Compilation of thoughts from the book, and some my own.
1. Refusal to Cannibalize Previously Successful Products
Kodak had many of the patents that were the basis for digital photography, but they were protective of its film business.
Microsoft had a model for paid search before Google but was afraid it will kill the banner ad business of MSN.
Sony came out with an MP3 player two years before Apple, but Sony Music was petrified that a successful MP3 player might foster music piracy.
Compare these examples with Gillette’s willingness to, again and again, obsolete successful products.
Now, MOOCs like Coursera, Edx have been facing the disengagement problem for so long. Their refusal to cannibalize existing async certification-based programs with more in sync and engaging, live community learning courses could play out against them.
2. Reluctance to Take Risks
Failure is endemic to innovation, with rates ranging from 50% to 90% at various stages of development and commercialization.
Home movie and video game rental services giant, Blockbuster Video, was founded in 1985 and arguably one of the most iconic brands in the video rental space. At its peak in 2004, Blockbuster employed 84,300 people worldwide and had 9,094 stores. Unable to transition towards a digital model, Blockbuster filed for bankruptcy in 2010.
In 2000, Netflix approached Blockbuster with an offer to sell their company to Blockbuster for US$50 million. The Blockbuster CEO, was not interested in the offer because he thought it was a "very small niche, risky business" and it was losing money at the time.
3. Inability to Focus on the Future
In the late 1990s and early 2000s, Nokia was the global leader in mobile phones.
With the arrival of the Internet, other mobile companies started understanding how data, not voice, was the future of communication. Nokia didn’t grasp the concept of software and kept focusing on hardware because the management feared alienating current users if they changed too much.
Nokia’s mistake was the fact that they didn’t want to lead the drastic change in user experience. This caused Nokia to develop a mess of an operating system with a bad user experience that just wasn’t a fit on the market.

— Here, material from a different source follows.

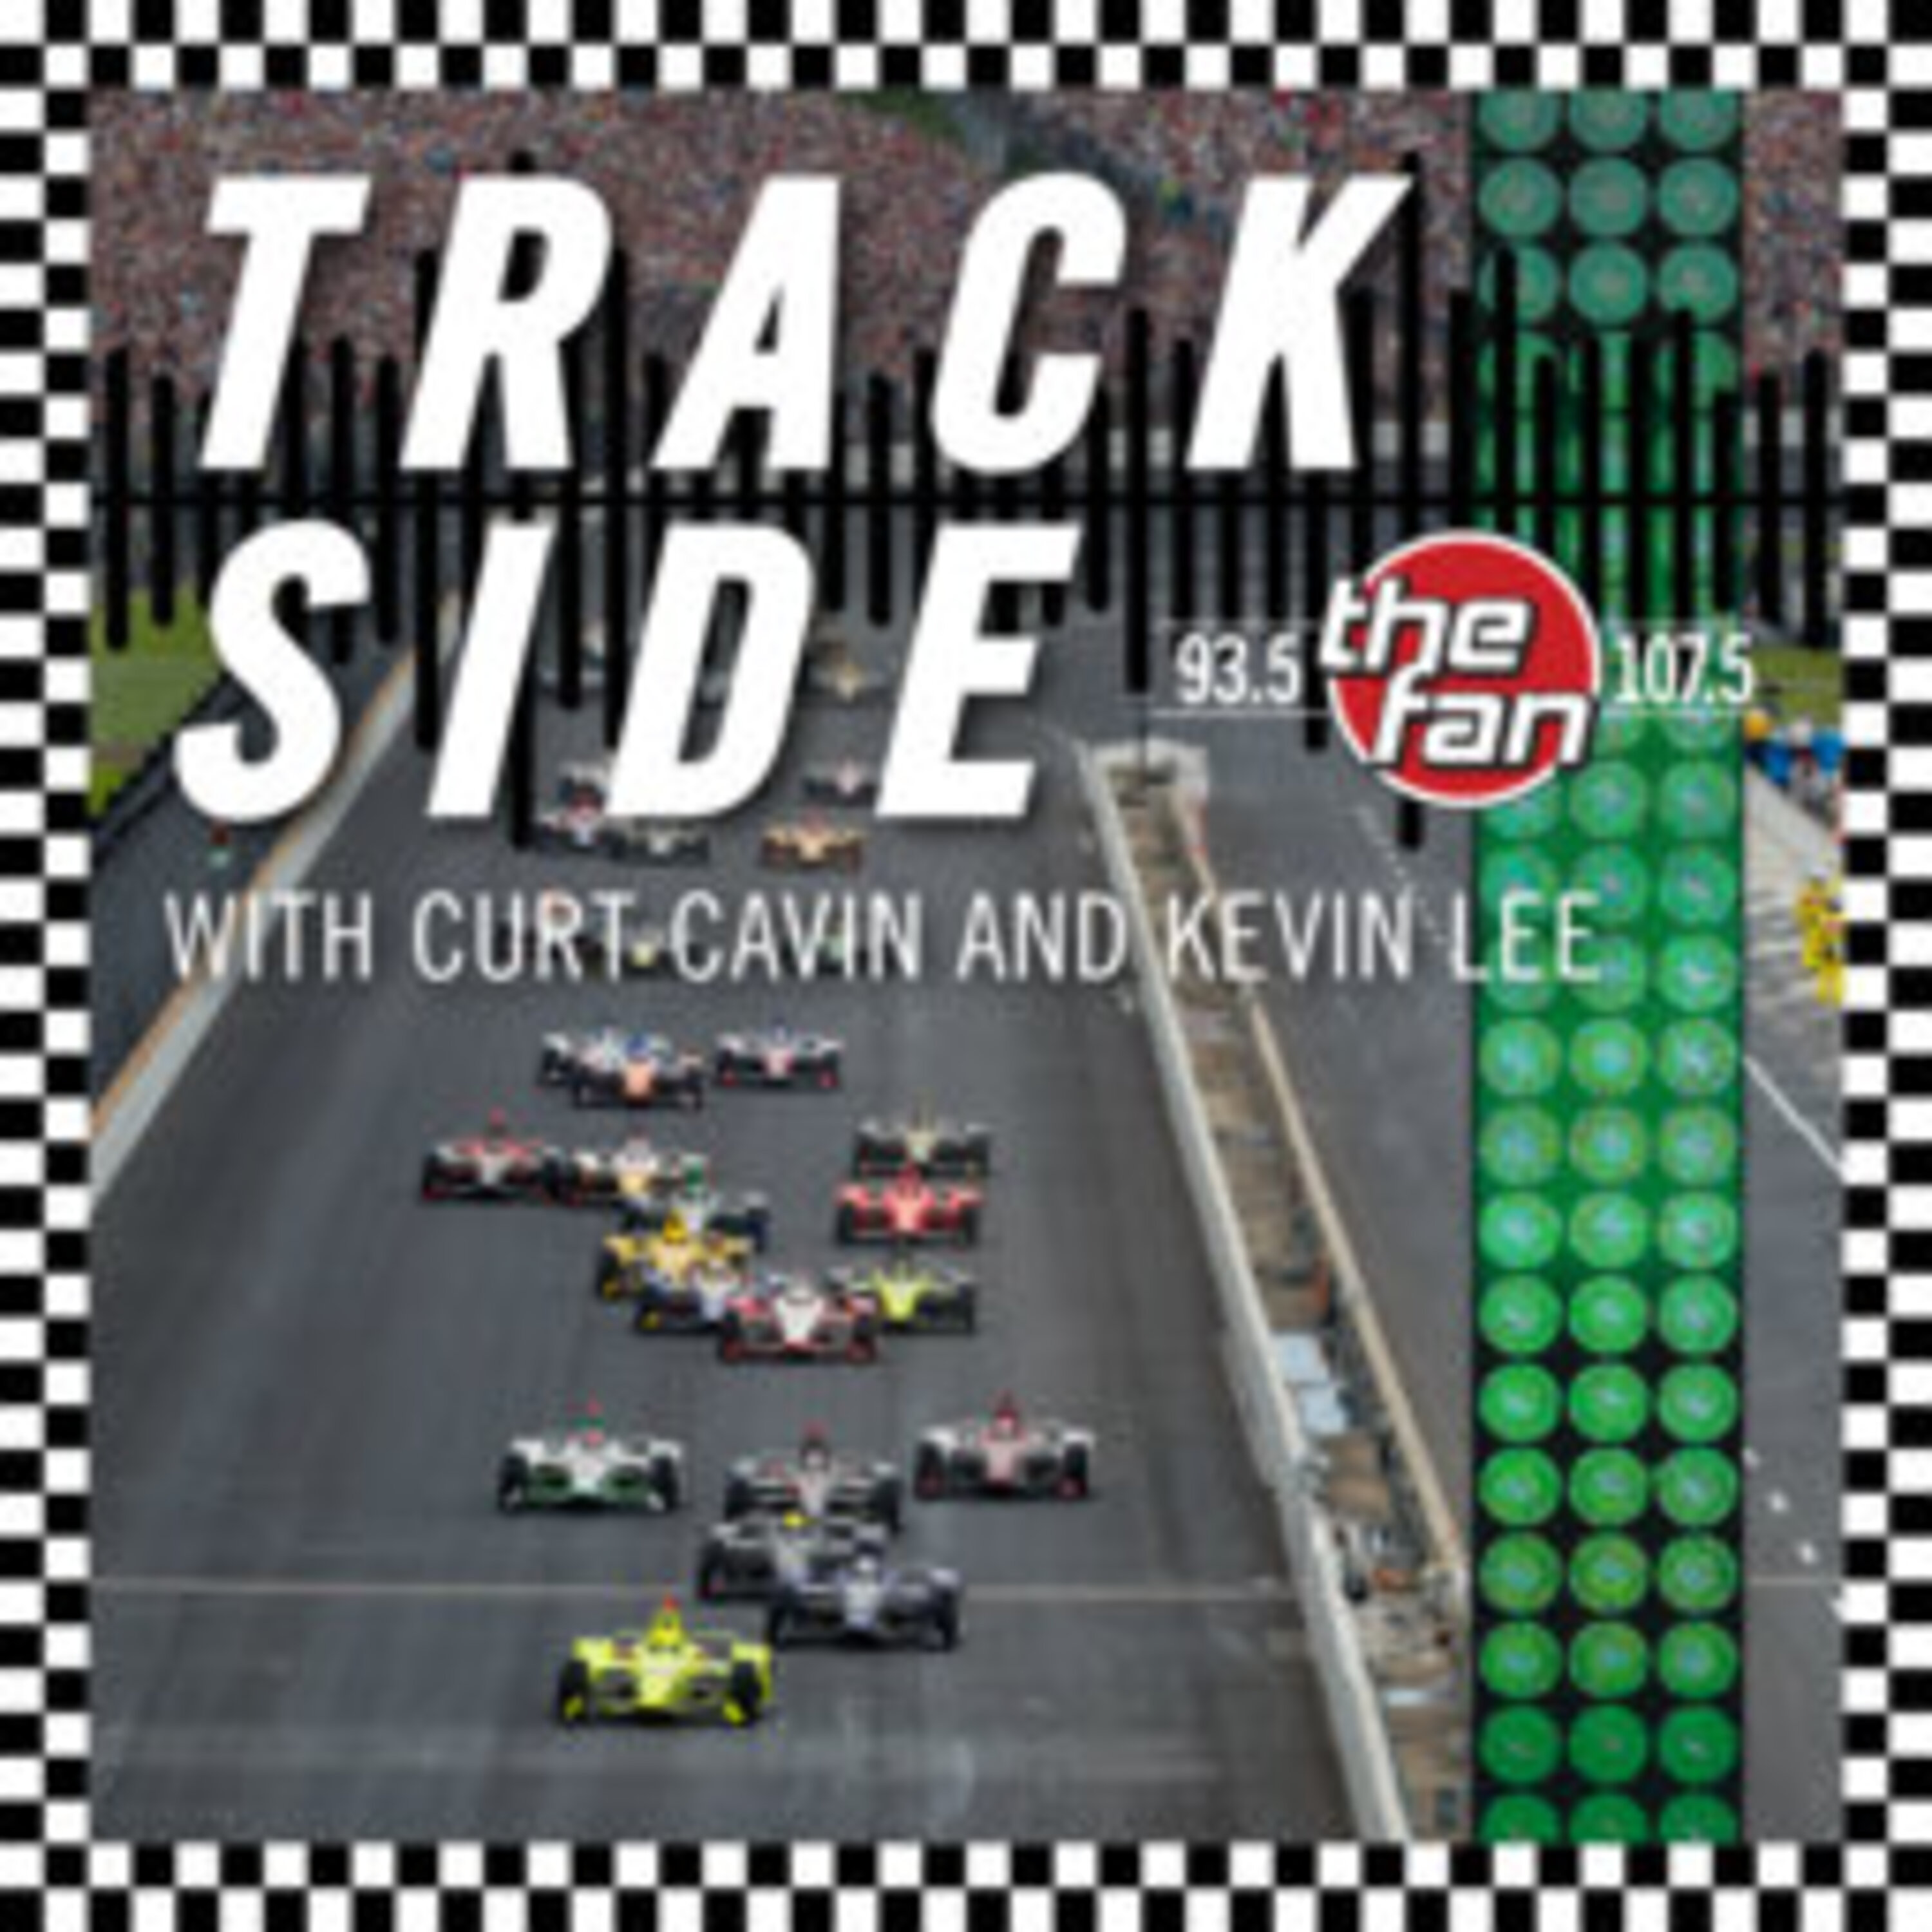 Curt and Kevin talk about Jerry Forsythe purchasing the Long Beach Grand Prix, talk to Mark Montieth on the new Bill Vukovich book, and more!

The company overestimated the strength of its brand and believed they could arrive late in the smartphone game and succeed. In 2007 Steve Jobs launched the iPhone, a phone without a keyboard, which was revolutionary at the time. In 2008 Nokia finally made the decision to compete with Android, but it was too late. Their products weren’t competitive enough.
Even today, there are people who claim that if Nokia had stuck with its own operating systems, instead of embracing the Windows Phone in 2011, it could have succeeded.
4. Lacking Internal Competition for Innovative Ideas
As a result, innovation is stifled.
Silicon Valley is successful in part because of the frenzy of competition for ideas and people. The firms that keep coming up with “big” innovations have found ways to create such energy inside a firm.
For over a decade, HP supported inkjet and laser technologies with competing printing divisions within the company. Each division worked hard to outdo the other, and innovation was the beneficiary.
Any other examples you’d like to share?